Zero-config mode: profile_dataframe infers a type per column, select_transforms picks auto_apply=True transforms that match the type, sorted by priority descending.

Transform Registry

Transforms live in goldenflow/transforms/ and self-register via decorator:

from goldenflow.transforms import register_transform

@register_transform(
    name="phone_e164",
    input_types=["phone"],
    auto_apply=True,
    priority=70,
    mode="series",
)
def phone_e164(series: pl.Series) -> pl.Series:
    ...

All transform modules are imported in goldenflow/__init__.py at package load time -- that is the only registration mechanism. If you add a new module, add an import there.

Hybrid expr / series / dataframe Mode System

The mode field on TransformInfo controls how the engine applies a transform:

mode Input Output When to use
"expr" pl.Expr pl.Expr Pure Polars operations (strip, lowercase). Stays in Rust; fastest.
"series" pl.Series pl.Series Python logic per column (phone parsing, date parsing). Uses map_batches internally.
"dataframe" pl.DataFrame pl.DataFrame Multi-column transforms (split_name, split_address). Receives and returns full frame.

The engine in engine/transformer.py dispatches based on TransformInfo.mode -- do not add mode-specific logic anywhere else.

Streaming Module (streaming.py)

StreamProcessor wraps TransformEngine for incremental processing:

  • transform_one(record: dict) -- single record, returns TransformResult
  • transform_batch(df: pl.DataFrame) -- one batch
  • stream_file(path, chunk_size=10_000) -- yields TransformResult per chunk
  • batches_processed property -- count of batches completed

The goldenflow stream CLI command uses this with a Rich progress bar.

Cloud Connectors

  • connectors/s3.py -- read_s3(uri) / write_s3(df, uri) using boto3
  • connectors/gcs.py -- read_gcs(uri) / write_gcs(df, uri) using google-cloud-storage

The file connector (connectors/file.py) detects s3:// and gs:// prefixes and delegates to the appropriate cloud connector automatically.

History Module (history.py)

  • Stores RunRecord JSON files in ~/.goldenflow/history/<run_id>.json
  • save_run(record) -- called by TransformEngine.transform_file after each run
  • list_runs(limit=20) -- returns newest-first list of RunRecord objects
  • RunRecord fields: run_id, source, timestamp, rows, columns, transforms_applied, errors, duration_seconds, config_hash, manifest_path

Notebook Module (notebook.py)

Monkey-patches _repr_html_ onto three classes at import time:

  • TransformResult._repr_html_ -- summary table + transform list + DataFrame preview
  • Manifest._repr_html_ -- transform audit trail with before/after samples
  • DatasetProfile._repr_html_ -- column profile table

Imported in goldenflow/__init__.py as a side-effect import (no symbols exported).

LLM Corrector (llm/corrector.py)

Registers an additional transform that calls an LLM API for categorical correction. Activated by:

  1. Setting GOLDENFLOW_LLM=1 environment variable
  2. Using --llm flag on the CLI (which does both the env var and the import)

Requires OPENAI_API_KEY or ANTHROPIC_API_KEY. Gracefully skips if no key is found.
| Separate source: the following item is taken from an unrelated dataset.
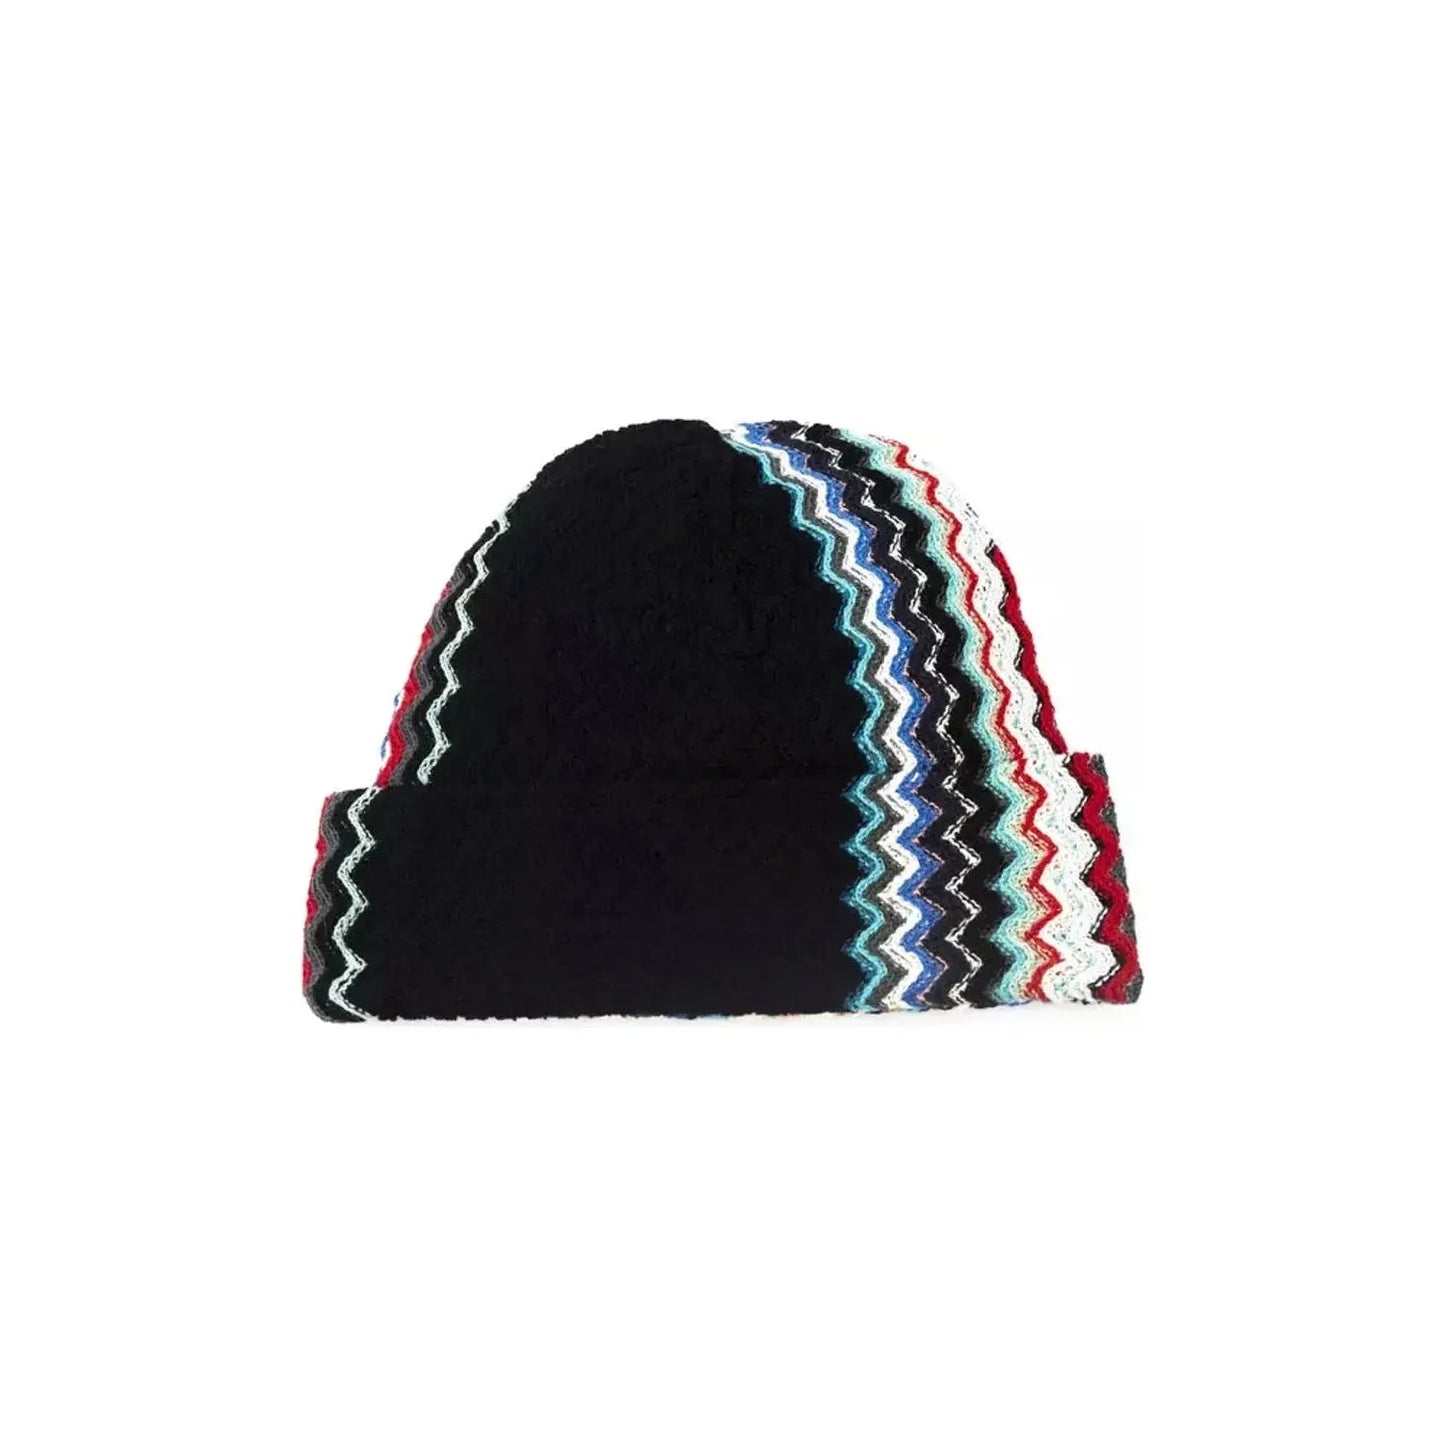 Missoni Geometric Fantasy Multicolor Wool Blend Hat multicolor-wool-hats-cap product-22438-982109940-23-7f63b310-ba8.webp

Domain Packs (All 5 Implemented)

Each domain pack lives in goldenflow/domains/<name>.py and subclasses DomainPack from base.py:

Module load_domain() key Focus
people_hr.py "people_hr" Names, SSNs, employment dates, gender
healthcare.py "healthcare" Patient IDs, diagnosis codes, clinical dates
finance.py "finance" Currency, account numbers, transaction dates
ecommerce.py "ecommerce" SKUs, prices, order dates, addresses
real_estate.py "real_estate" Property addresses, listing dates, prices

load_domain(name) is exported from goldenflow/domains/__init__.py and returns the pack or None.

CLI Modules

  • cli/main.py -- all 14 commands (Typer app)
  • cli/errors.py -- cli_error_handler() context manager for friendly error messages
  • cli/init_wizard.py -- run_wizard() interactive setup wizard
  • cli/watch.py -- watch_directory() polling loop
  • cli/schedule.py -- run_schedule() interval parser + loop

Key Patterns

  • All transforms use @register_transform -- never add to _REGISTRY directly
  • TransformResult is a dataclass with .df (clean Polars DataFrame) and .manifest (Manifest)
  • Manifest tracks every TransformRecord: column, transform name, rows affected, before/after samples
  • Polars-native -- all data ops use Polars, never pandas
  • parse_transform_name("truncate:50") splits parameterized transform strings into ("truncate", ["50"])
  • select_from_findings in engine/selector.py maps GoldenCheck finding check names to transform names (the --from-findings CLI flag)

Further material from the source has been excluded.